OpenAI anunció haber resuelto el problema de existencia y regularidad de Navier-Stokes, uno de los siete Problemas del Milenio del Clay Mathematics Institute, dotados con un millón de dólares. La compañía publicó tanto la demostración analítica como su formalización en Lean, aunque el problema no está oficialmente resuelto: aún requiere el escrutinio de la comunidad matemática.
Para este trabajo se utilizó un modelo interno que la empresa describe como "significativamente más capaz" que GPT-6 Astra, el cual sigue en entrenamiento. El proyecto involucró aproximadamente 10.000 agentes coordinados durante 88 horas, con un consumo de varios millones de dólares en cómputo.

La historia del descubrimiento, sin embargo, se complica por el trabajo previo de académicos humanos. Tristan Buckmaster, de la Universidad de Nueva York, y Levent Alpöge, que trabaja en Anthropic, llevaban meses obteniendo avances en problemas relacionados. Su investigación continuaba una línea abierta por los matemáticos españoles Diego Córdoba y Luis Martínez-Zoroa.
OpenAI reconoce que comenzó a atacar este problema al descubrir que Anthropic lograba avances importantes. Aprovechar conocimientos públicos no es irregular, pero ha surgido controversia sobre si la compañía se benefició de trabajo privado.

Buckmaster y Alpöge habían utilizado herramientas de IA, incluido Codex, durante su investigación. El académico de Nueva York planteó la posibilidad de que la empresa hubiera accedido a esas sesiones privadas. La compañía lo niega y asegura que ni sus investigadores ni sus agentes vieron prompts, demostraciones o trabajo privado antes de su publicación.
A día de hoy no hay pruebas de que OpenAI "rebuscara" en conversaciones ajenas para encontrar la solución. Sin embargo, la empresa admite que no puede descartar que "datos anonimizados" derivados del uso de Codex por Buckmaster y Alpöge hayan contribuido a mejorar sus modelos. Esto deja en zona gris dónde termina el uso privado de una herramienta y dónde comienza el aprendizaje que los sistemas extraen de esas interacciones.

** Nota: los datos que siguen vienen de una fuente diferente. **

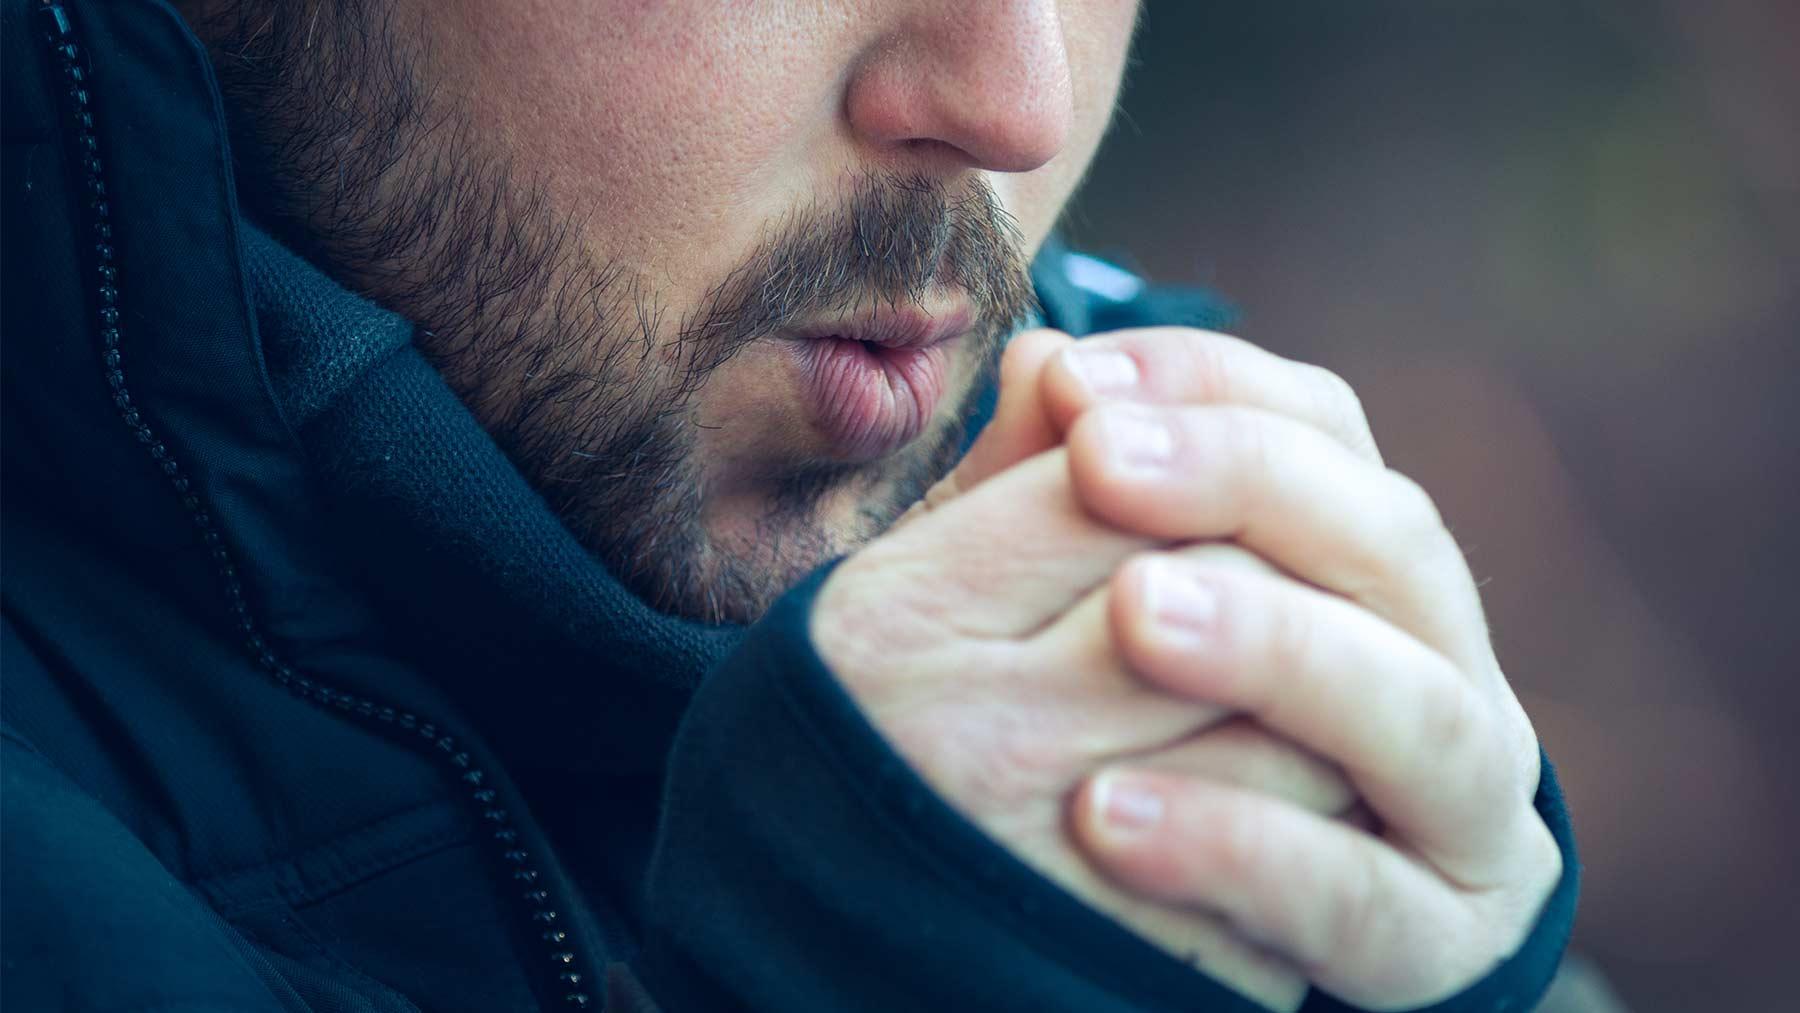 ما أسباب برودة اليدين وما علاجها - الأجواء الدافئة أو المعتدلة - الشريان الزندي والكعبري - انقباض العضلات المحيطة بالشرايين

Buckmaster afirmó además que Sébastien Bubeck, de OpenAI, le propuso participar en la publicación del resultado dejando fuera a Alpöge, dado su vínculo con Anthropic. El matemático criticó la forma en que se llevaron a cabo dichas conversaciones.
El caso pone sobre la mesa preguntas pendientes sobre atribución científica en la era de los modelos de inteligencia artificial, donde la distinción entre trabajo humano original y contribución de sistemas automatizados resulta cada vez más difusa.